- _Information supplied_:

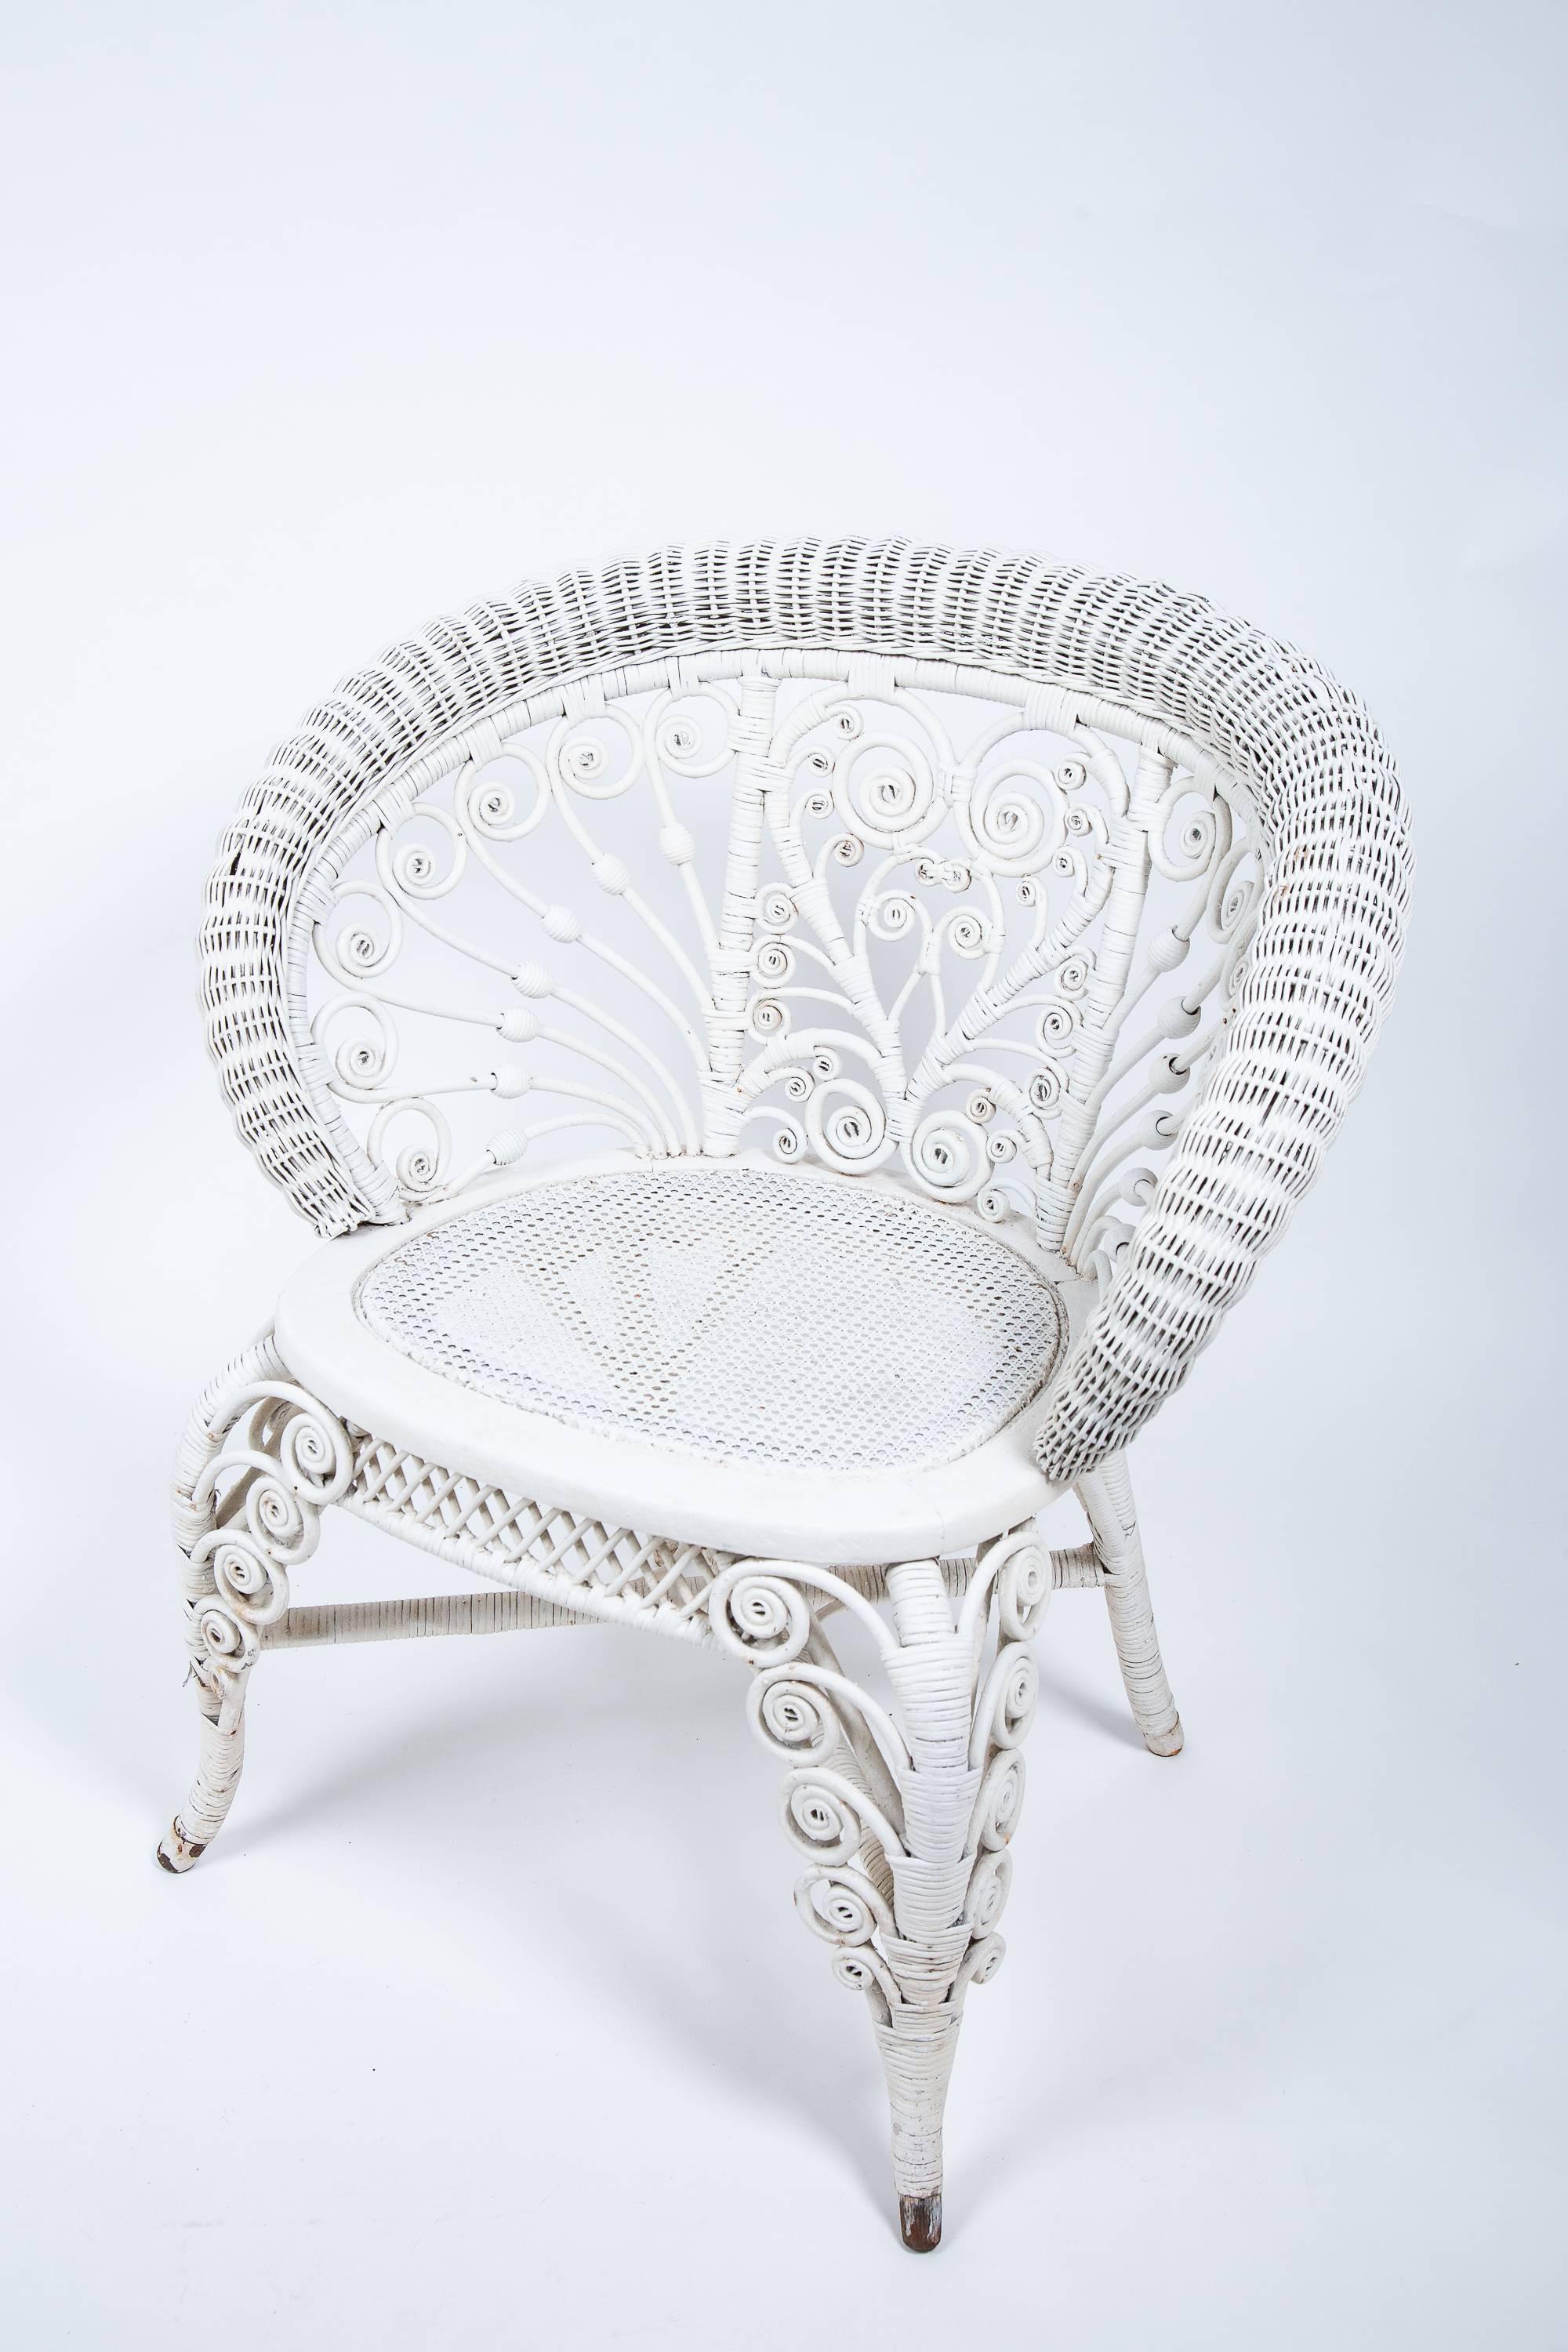 Pair of Victorian white painted wicker parlour chairs. Hand crafted intricate heart design back, and curved wicker leaves climb the front legs. 
Wonderful parlour, sunroom, or patio set.
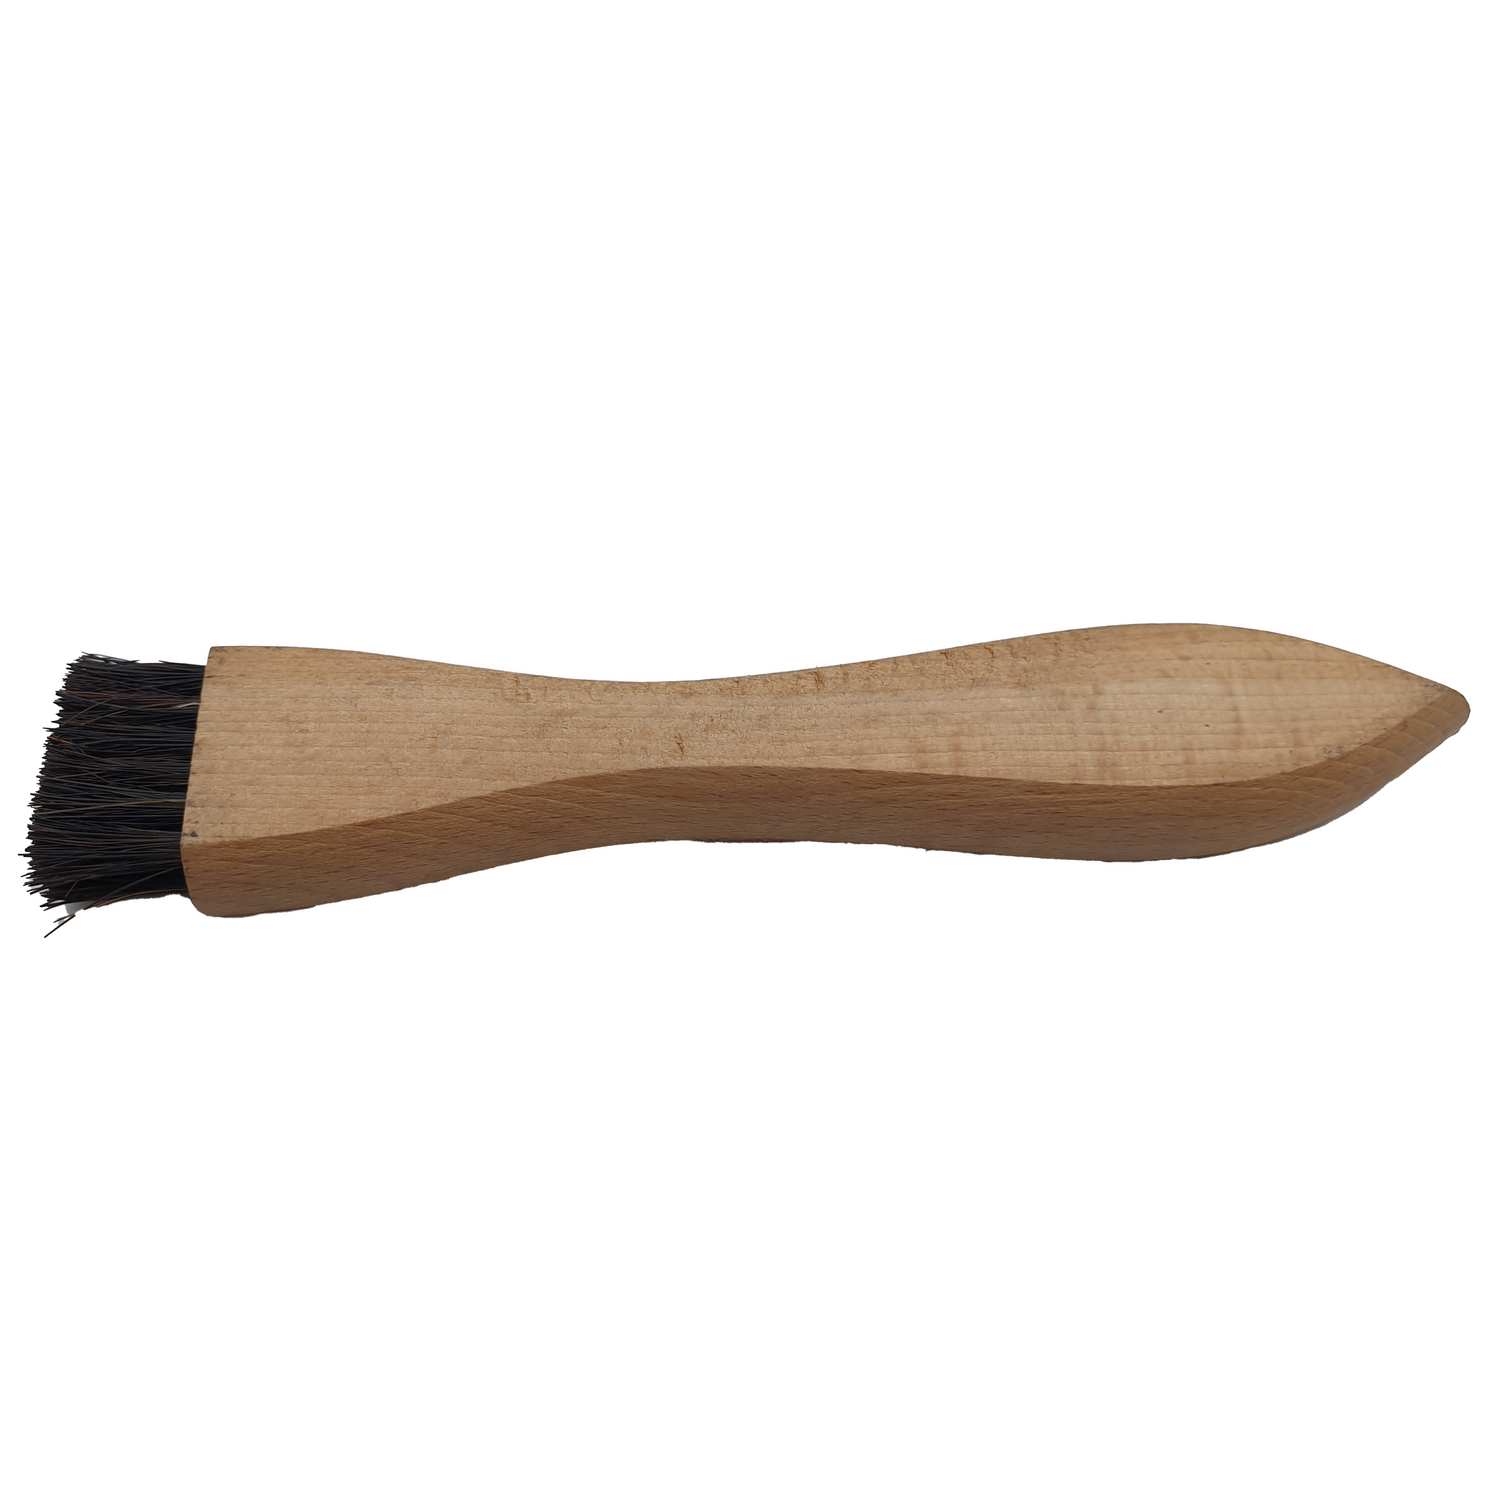 Techspray wooden handle general cleaning brush esd safe antistatic to clean and coat PCB
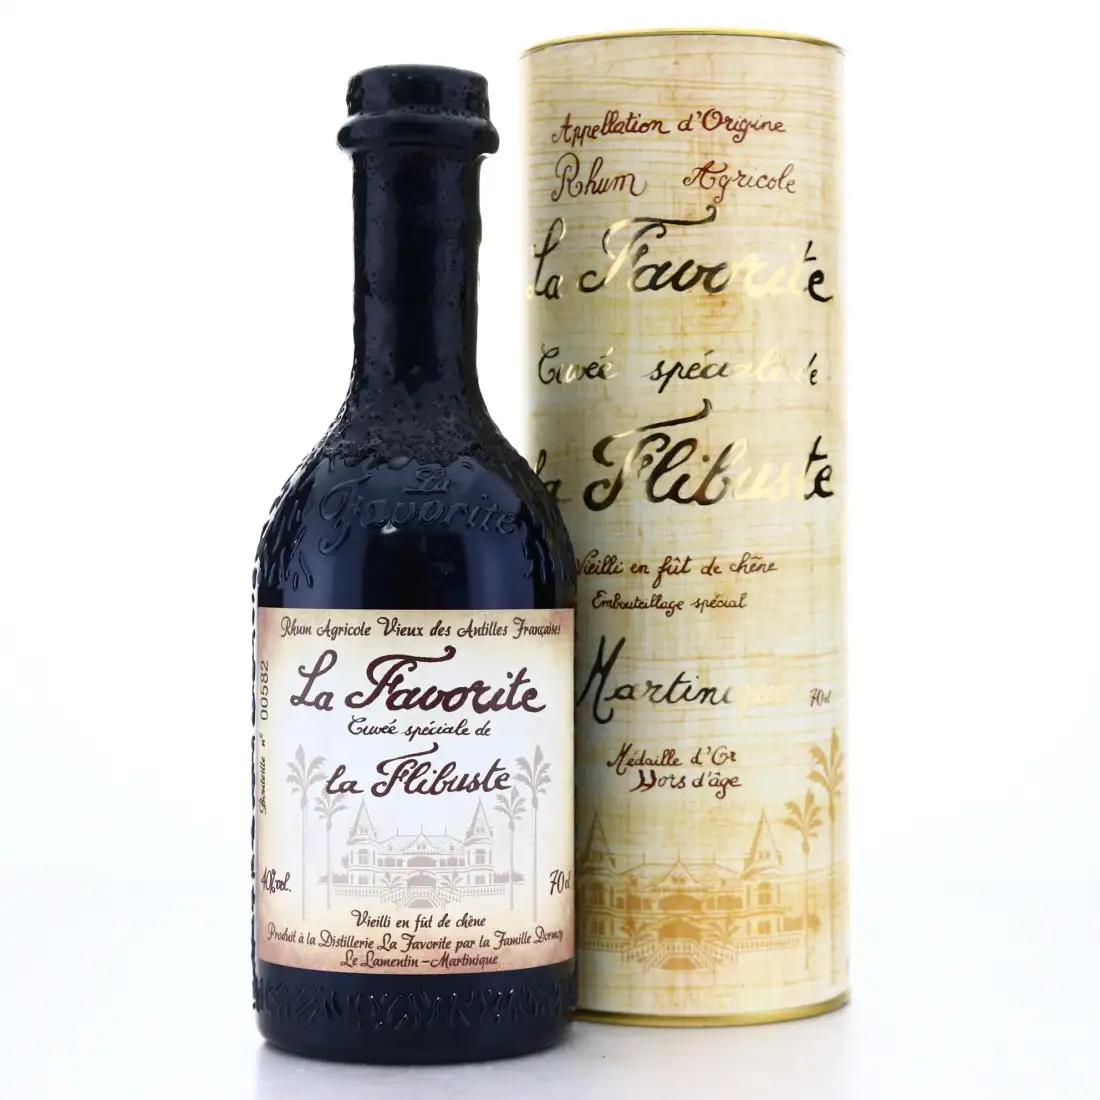 Image of the front of the bottle of the rum La Flibuste

- _Work required_:
Line by line, restate the data above exactly as it stands, minus the pictures.

- _Exercise response_:
 Pair of Victorian white painted wicker parlour chairs. Hand crafted intricate heart design back, and curved wicker leaves climb the front legs. 
Wonderful parlour, sunroom, or patio set.
 Techspray wooden handle general cleaning brush esd safe antistatic to clean and coat PCB
 Image of the front of the bottle of the rum La Flibuste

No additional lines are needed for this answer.